More evidence of the political attitude toward private banks was on display by backers of the failed attempt to pass the Los Angeles public bank charter amendment. A website set up in support of Measure B stated: “Taxpayer dollars held in the public bank will not be invested in fossil fuels, private prisons, immigrant detention centers, the war machine, or other destructive industries.”
The question about establishing public banks was presented to the voters of Los Angeles as Measure B in the 2018 election. Voters turned thumbs down: 44% Yes, 56% No.
Yet, Los Angeles city officials supported AB 857, the public bank bill signed by the governor. Los Angeles is predicted to be one of the first cities to take advantage of the governor approving the bill. That would be a clear snub of the will of the voters and possibly could face a legal test.
The Los Angeles City Charter states that, “The City shall not engage in any purely commercial or industrial enterprise, except upon a majority vote of the voters of the City voting on the question.” A state statute does not override the power of a city charter and the public bank is certainly a commercial enterprise that did not receive a vote of the people. One taxpayer group is interested in taking a closer view at this issue.
Whether a city bank would be a successful commercial enterprise is doubtful.
At the time Measure B was on the ballot, the Los Angeles Times editorialized: “Charter Amendment B is one of the most ill-conceived, half-baked ballot measures to come out of City Hall in years, and that’s saying something.”
The editorial went on to report, “Setting up a bank requires a huge up-front investment — a study for the proposed Massachusetts state bank estimated it would take $3.6 billion just to provide the bank enough capital to get started.”
More recently, the San Francisco Treasurer amassed a report on a city bank.

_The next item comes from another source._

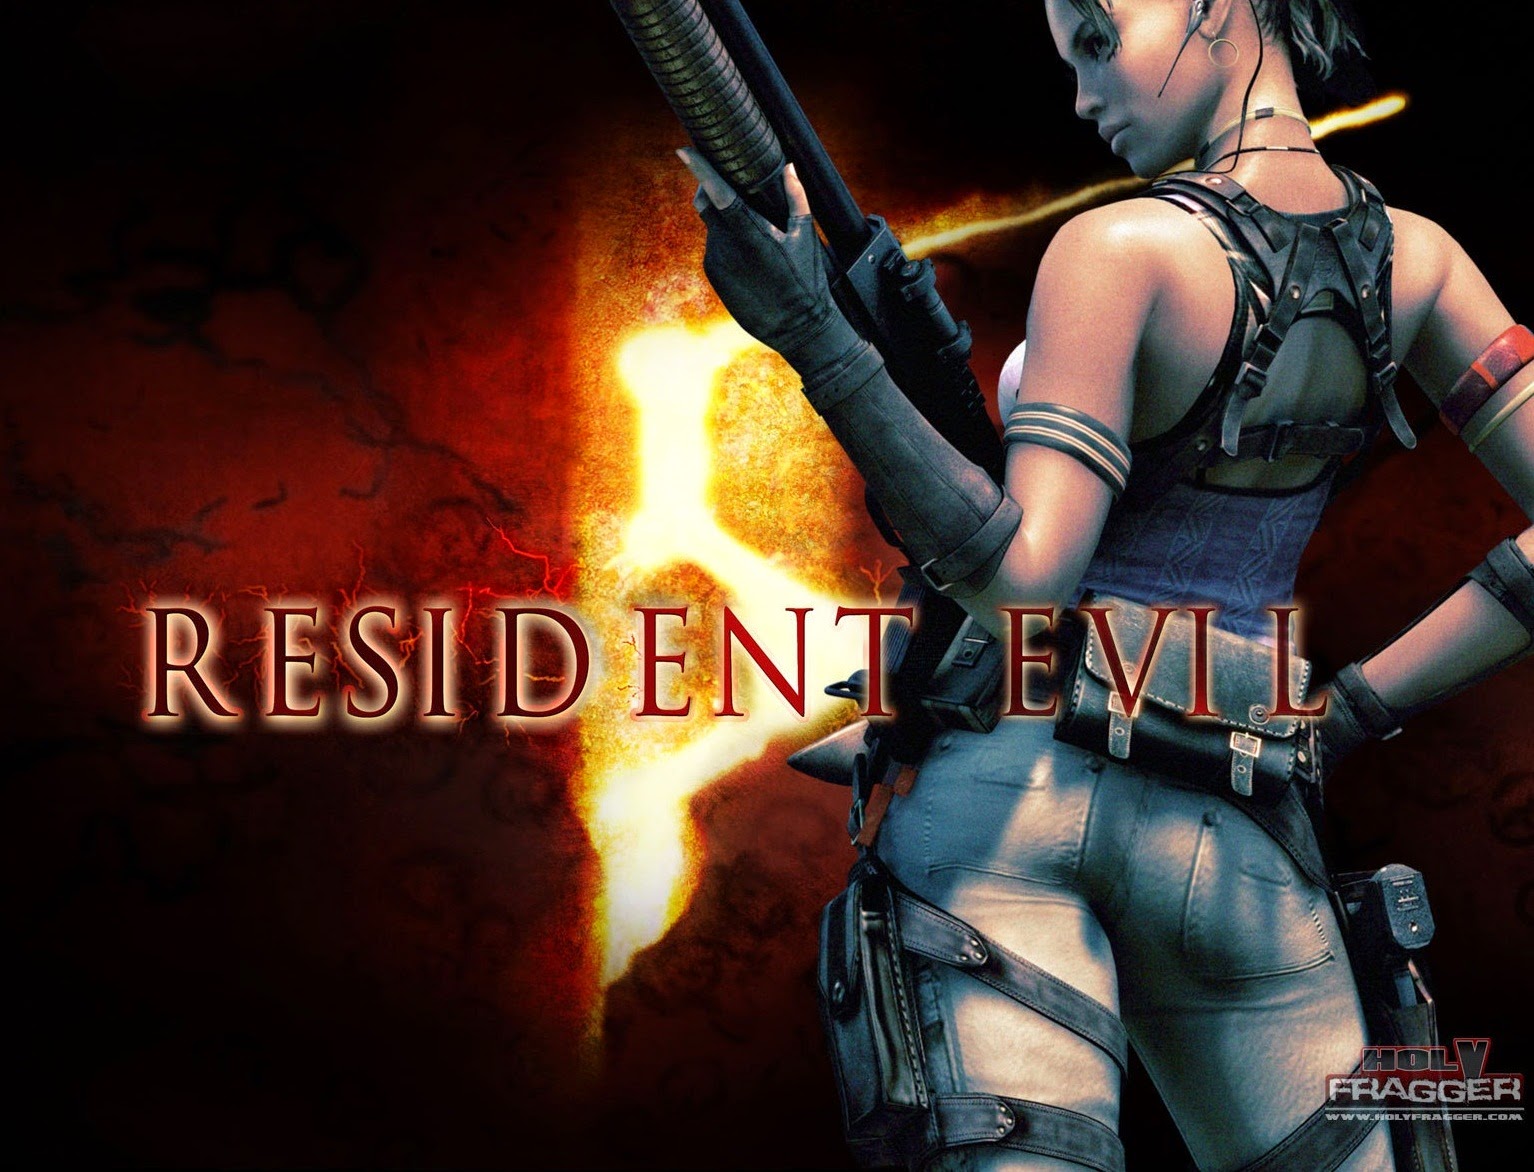 Resident evil 7 full movie download in hindi

It part the report stated: Divesting from Wall Street entirely would cost about $1.6 billion and take 31 years to break even.
Taxpayers will be at risk if public banks are created. The Los Angeles Community Development Bank, a quasi-public institution, was established to stimulate economic development in the wake of the 1992 city riots. It went insolvent within ten years. As reported by the L.A. Times, “according to an evaluation, the bank made high-risk loans to well-connected borrowers.”
Public banks are susceptible to political interference from elected officials pressuring public banks to favor certain projects and individuals with high-risk loans.
Private banks, which need to make a profit to survive, study the viability of projects presented to the banks. If the criteria for a loan change to an agenda driven process with less scrutiny to the business side, the results could leave the loan makers in a hole and with public banks that problem ends up in the taxpayer’s lap.